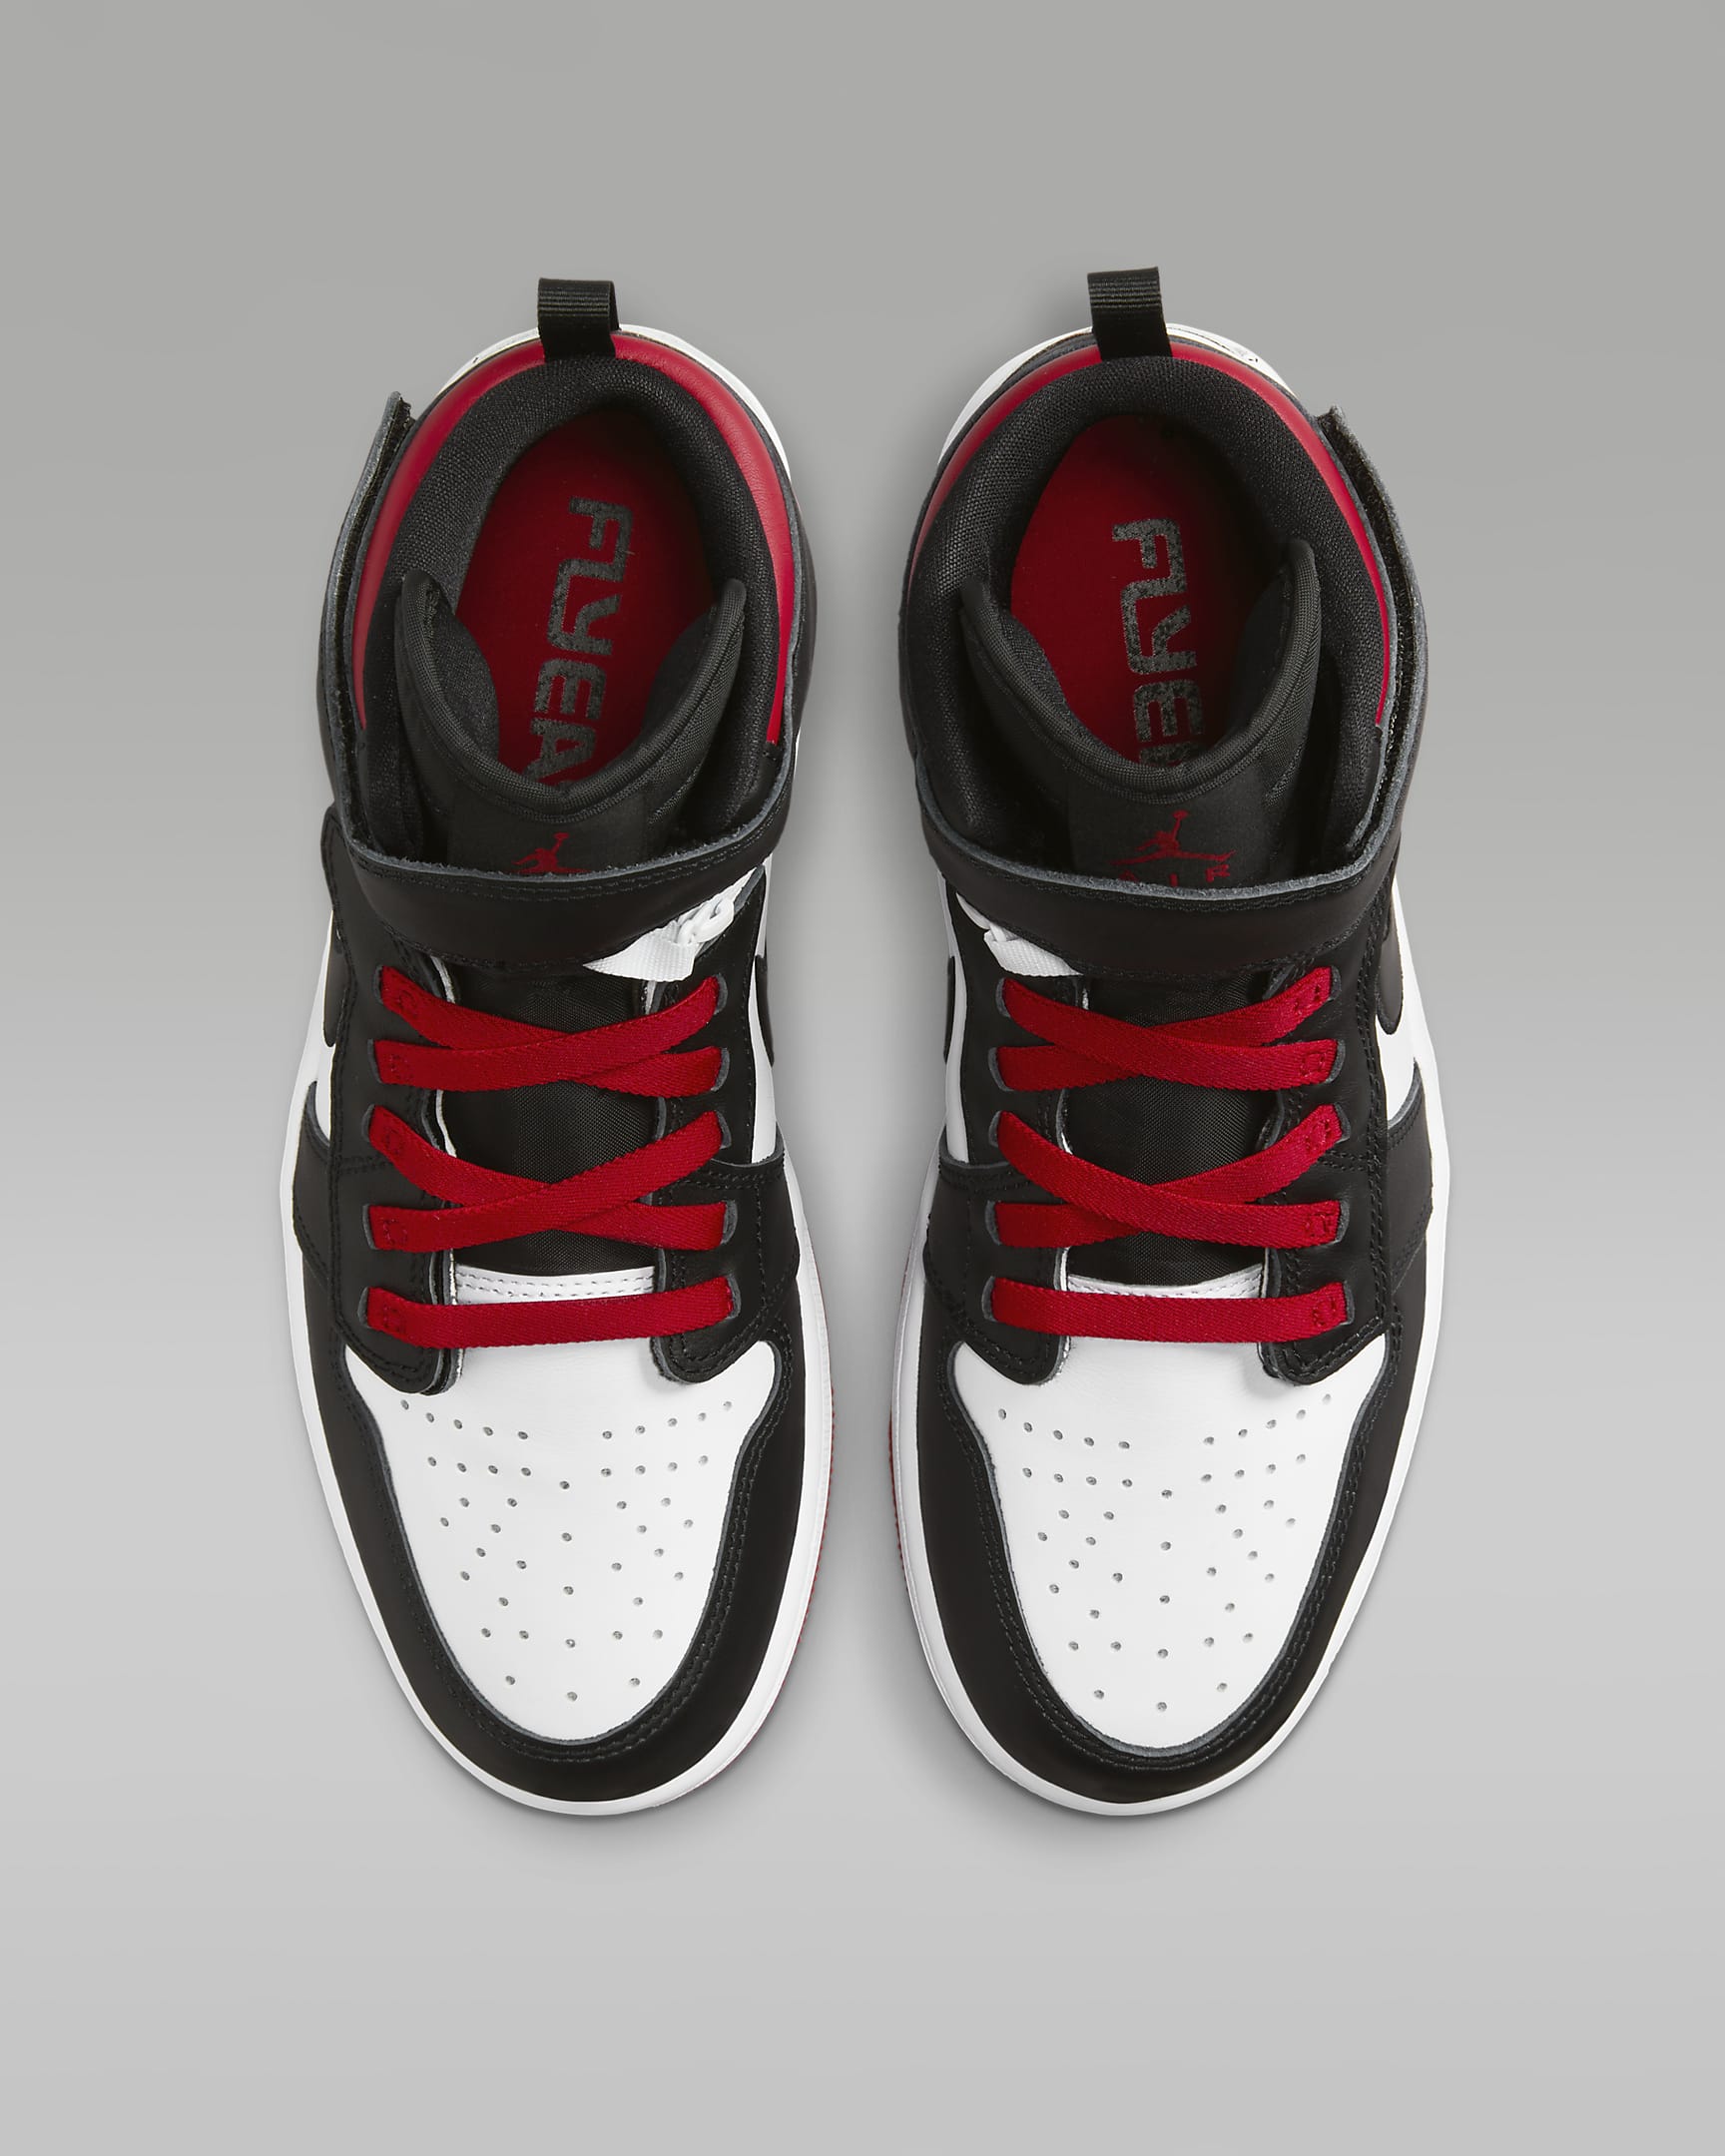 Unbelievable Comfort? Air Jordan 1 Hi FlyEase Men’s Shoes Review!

...

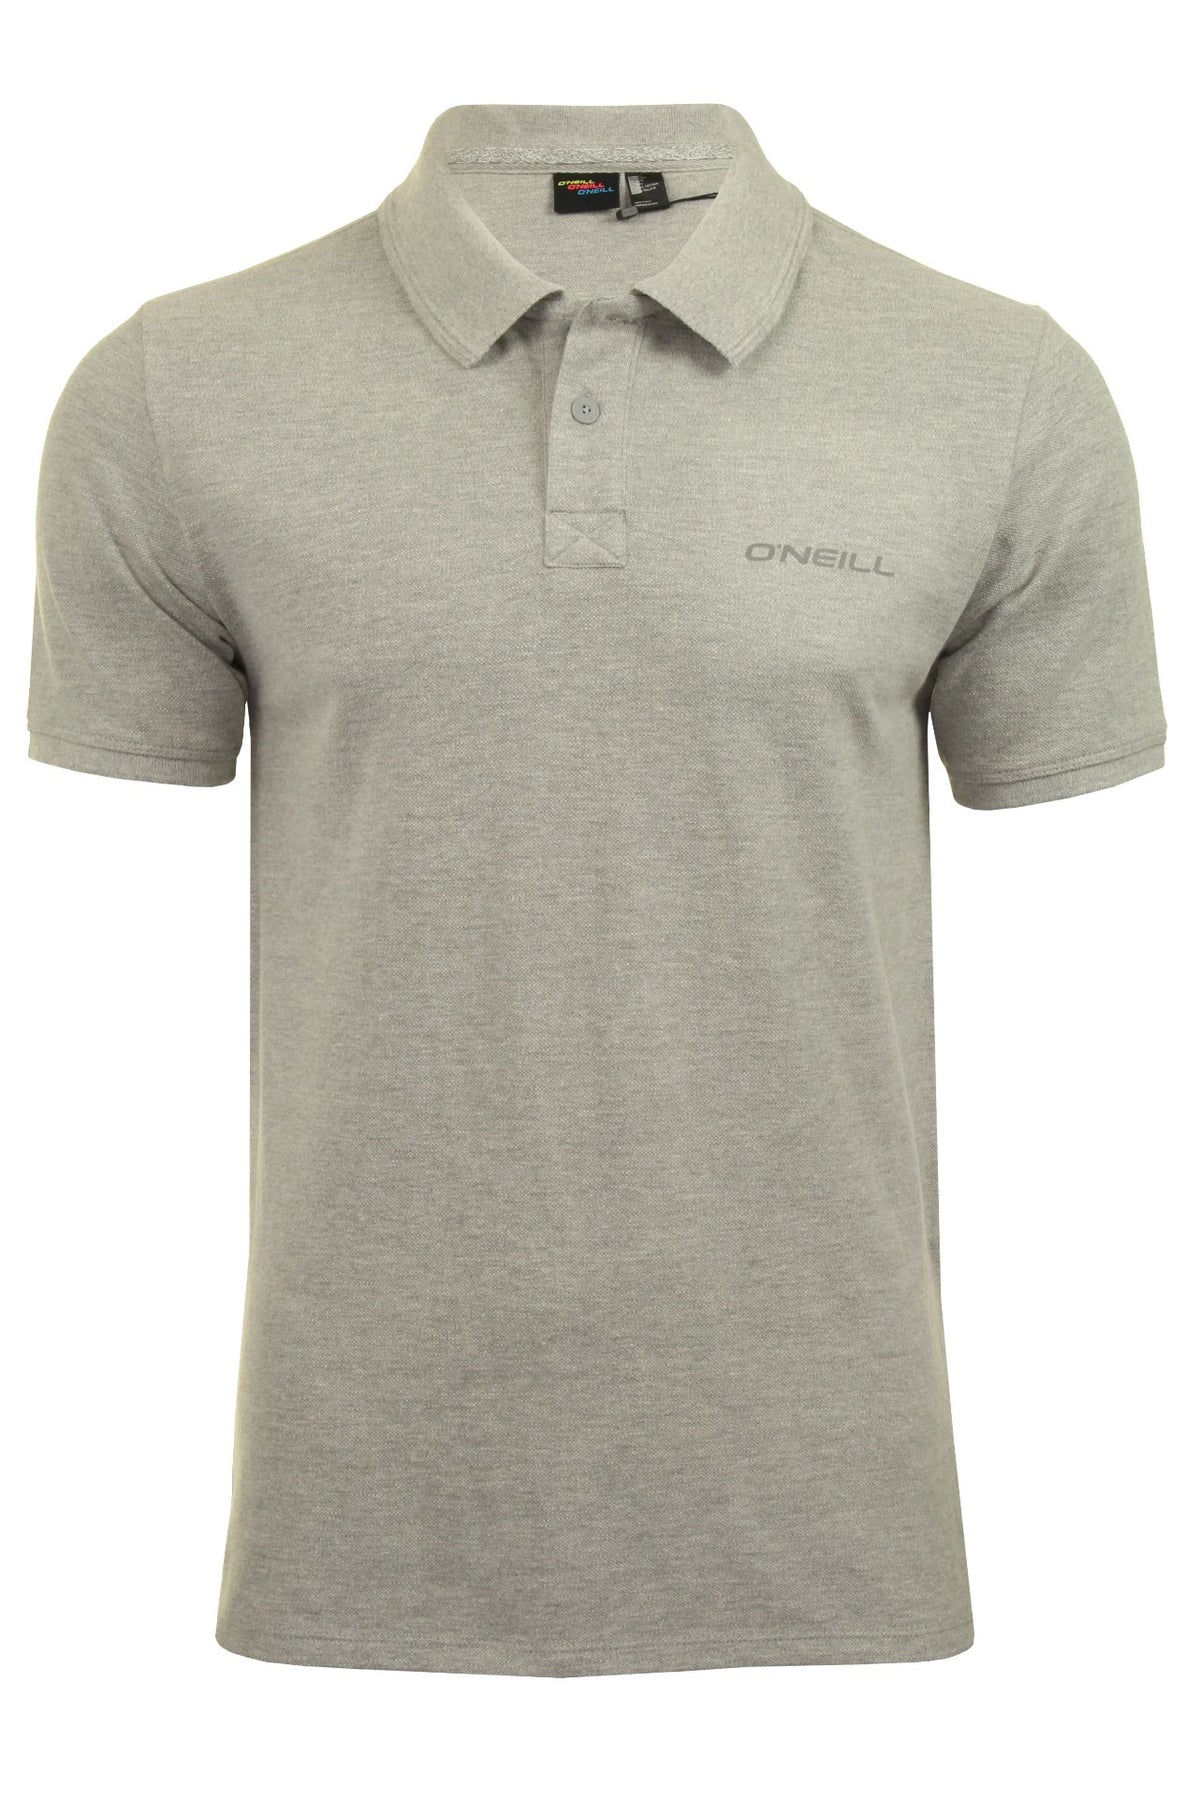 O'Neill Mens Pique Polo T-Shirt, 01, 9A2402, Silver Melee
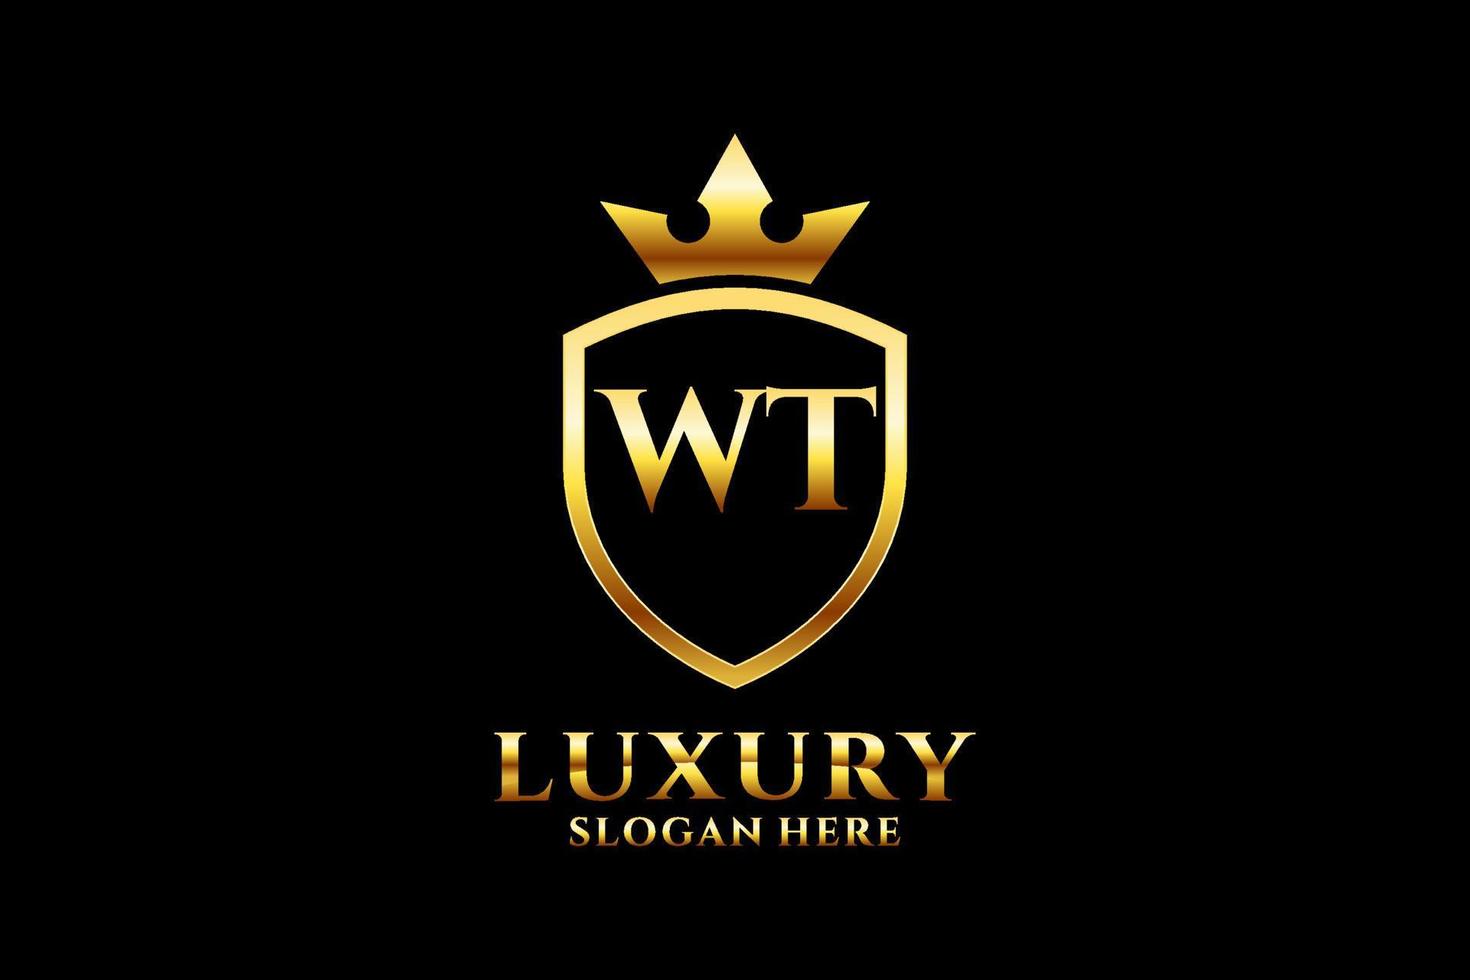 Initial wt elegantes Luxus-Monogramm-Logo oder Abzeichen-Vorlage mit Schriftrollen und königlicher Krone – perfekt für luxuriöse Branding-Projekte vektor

_TASK BRIEF_
Copy exactly the material above from the line with "O'Neill Mens Pique" to the line with "Initial wt elegantes", ends included, and nothing else. Leave out any picture.

_FINAL ANSWER_
 O'Neill Mens Pique Polo T-Shirt, 01, 9A2402, Silver Melee
 Initial wt elegantes Luxus-Monogramm-Logo oder Abzeichen-Vorlage mit Schriftrollen und königlicher Krone – perfekt für luxuriöse Branding-Projekte vektor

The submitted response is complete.